Discovery/Status updates/2018-01-29


This is the weekly update for the week starting 2018-01-29


  • Several members of the Search Platform team participated in the annual Developer Summit held January 22-23, 2018 in Berkeley, California. [1]
  • During the WMF's All Hand's two day event, the Search Platform team met with the WMDE team and the Multimedia team to talk about the future of search and how the teams can work together on Structured Data on Commons.
  • The Search Platform team had their team offsite the two days after the All Hands meetings — lots of great conversations about the future of search were had.
  • Q3 Goals can be found here: [2]



  • Chris Schilling opened a Phab ticket (T185721 [3]) on the difficulties of searching in the Khmer script.[4] The Unicode encoding for the script uses many diacritics and (with proper font support) the same glyph can be properly written with the underlying Unicode characters in any of several different orders, which complicates searching. If you are interested in learning more—or if you have any experience with computing in Khmer—please check out the Phab ticket.
  • Erik made a new utility script that reads in the spark dataframe and emits binary xgboost datasets to hdfs, all in order to switch Mjolnir to file based training [5]
  • Gehel cleaned up multiple definitions of logstash endpoint in puppet / hiera so that almost all references to the logstash host are now consolidated in a single variable [6]
  • Stas added hidden status to category dumps, to be deployed on Feb 7 [7]

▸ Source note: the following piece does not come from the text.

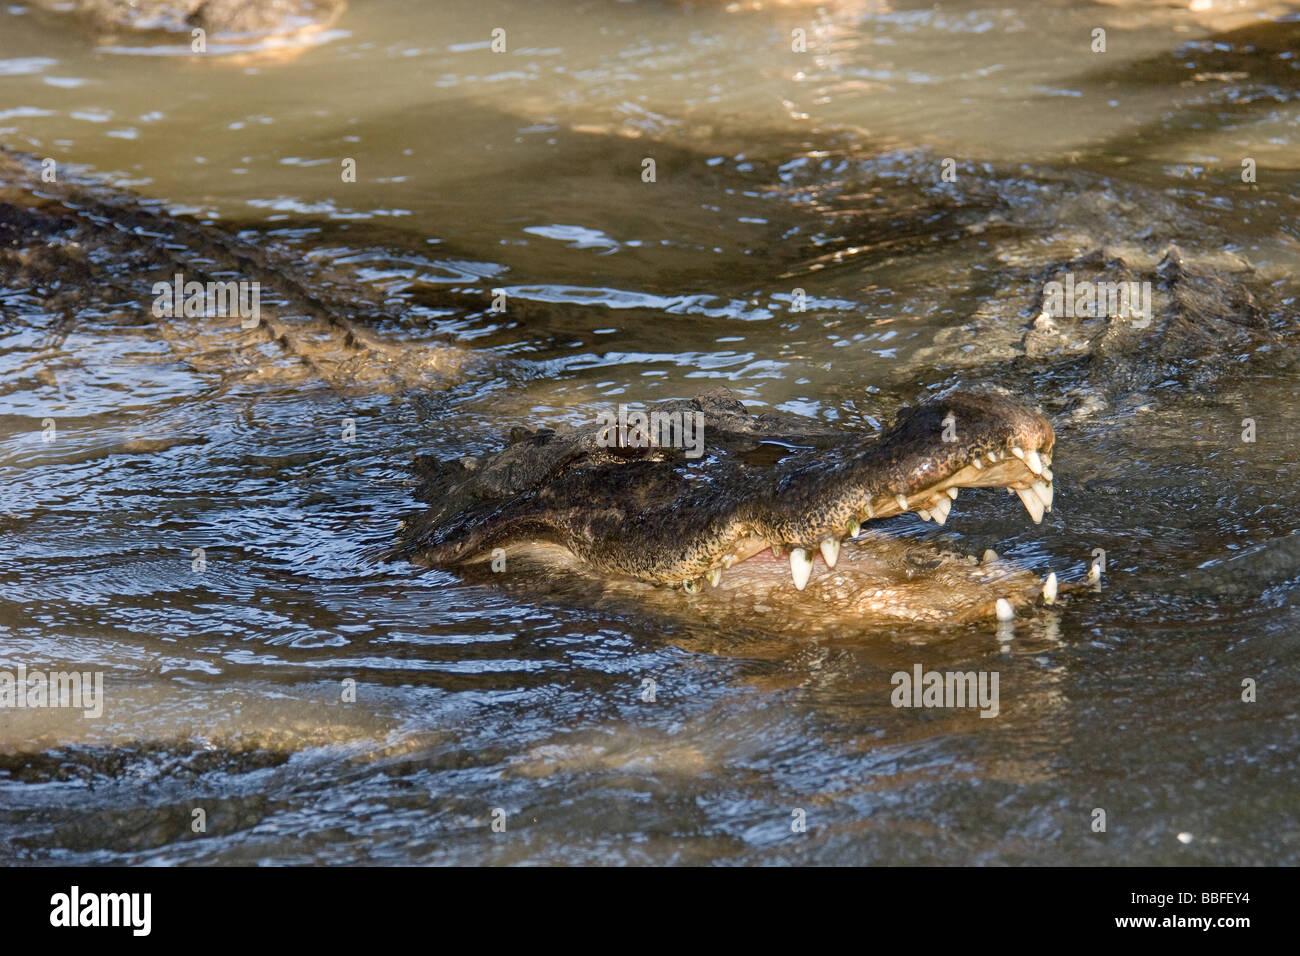 American Alligator Alligator mississippiensis in Florida - Stock Image

  • Chelsy finished up a draft analysis result on a MLR test on Hebrew wiki that is being reviewed by the Search Platform team [8][9]


  • Gehel took on the large-ish task of defining the constraints of the new WDQS cluster and getting that information on wiki. [10][11]
  • Stas added support for continuations to WDQS queries to Mediawiki API [12]

Did you know?[edit]

English has a very large vocabulary—possibly larger than any other language.[13] In part this is because English likes to "[pursue] other languages down alleyways to beat them unconscious and rifle their pockets for new vocabulary,"[14] and in part because of its history[15]—particularly the Norman conquest, which brought in a ruling class that spoke a dialect of Old French.

An interesting consequence of this history is that English has distinct words for the animal, "cow," and for the meat of that animal, "beef." Surprisingly, both come from the same Proto-Indo-European[16] root: "gʷṓws".[17] The word "cow" derives from Proto-Germanic "kūz," while "beef" was borrowed from Old French "boef", derived in turn from Latin "bōs". Both "kūz" and "bōs" come from PIE "gʷṓws," though they obviously followed very different sound change[18] paths along the way.